- Agrahara Bachahalli is in Mandya district
- Country: India
- State: Karnataka
- District: Mandya
- Talukas: Krishnarajpet

Government
- • Body: Village Panchayat

Languages
- • Official: Kannada
- Time zone: UTC+5:30 (IST)
- Nearest city: K.R.Pete/Mandya
- Civic agency: Village Panchayat

= Agrahara Bachahalli =

 Agrahara Bachahalli is a village in the southern state of the Indian state of Karnataka. It is located in the Krishnarajpet taluk of Mandya district.

Agrahara Bachahalli is one of the most prosperous towns from the Hoysala period.

== Monuments ==
A unique monument found there is the Garuda Lenka Sthambas (Pillars), also known as "the hero stones" and dedicated to Hoysala Garuda Pace (soldiers who handle every situation). The Hero stones at Agrahara Bachahalli number around 11 and are almost 800 years old. As per inscriptions on these pillars, the family (or) individuals in whose name the stones were installed served the Hoysala rulers from the times of King Ereyanga (1098–1102). Many inscriptions survive from the time of King Veera Ballala II (1173–1220).

== Culture ==
It is home to numerous temples built during the Hoysala and Chola Periods. The "Huniseshwara Temple" is the most prominent and well-maintained temple there. It was constructed in the name of Hunasenayaka.
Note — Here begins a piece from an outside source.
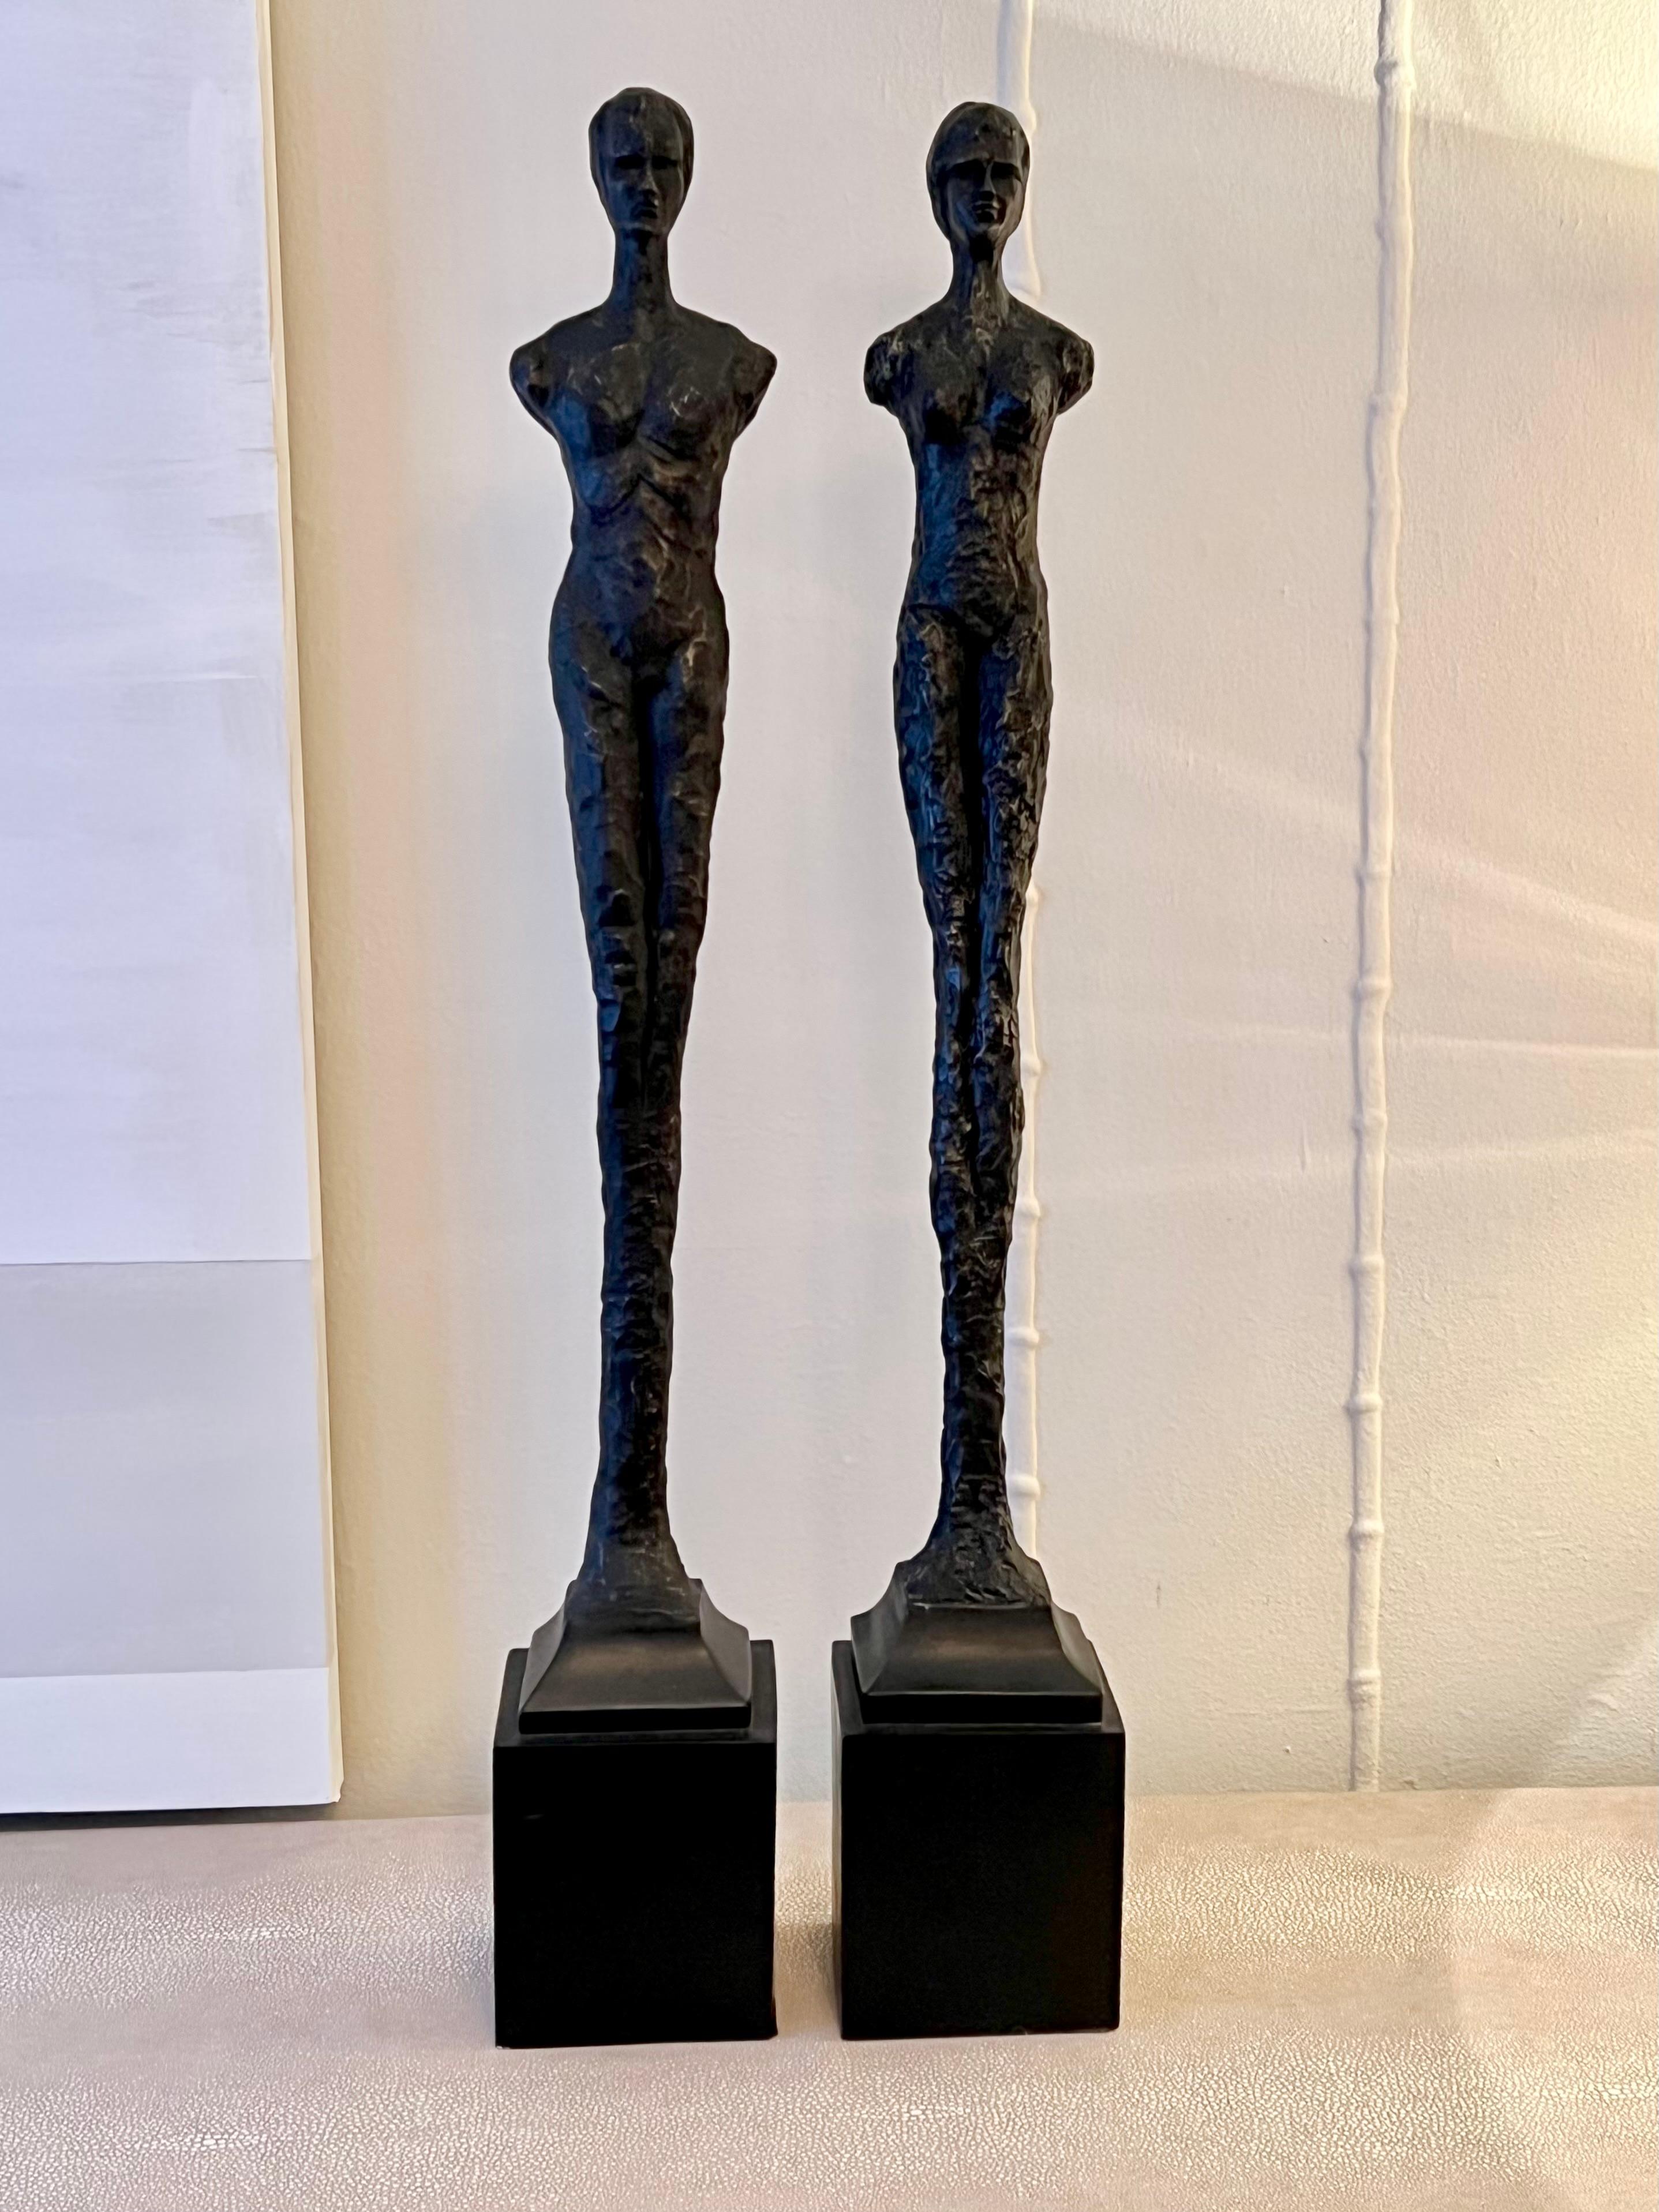 Molded Pair of Figurative Statues in the Style of Giacometti

- Agrahara Bachahalli is also famous for other temples built in the period of Hoysala and Chola kingdoms:
- Sri Lakshmi Devi Ammanavara Temple - Known as Bachalamma (Due to place name Agrahara Bachehalli / Daanabachehalli she will be call it as Bachalamma) and she is the "Kshetradevate(ಗ್ರಾಮದೇವತೆ)"
- Lord Sri Channakeshava temple (the beloved and worshipped god from Hoysala Dynasty in their ruling period).
- Lord Sri Amrutheshwara Temple - Built by Chola Kingdom, because Cholas used to believe Shiva to be the most widely quoted.
- Lord Sri Bhairaveshwara Temple - Built in the period of Hoysala only and believed from surrounding village people.
- Lord Prasanna Abhaya Veeranjaneya Temple - Very recently temple been constructed & inaugurated in our village gate in the year 2024. The god faced towards East & single statue built with Prabhavali. Hanuman looks like in Veera bhangi & the right hand shows his abhaya to devotees.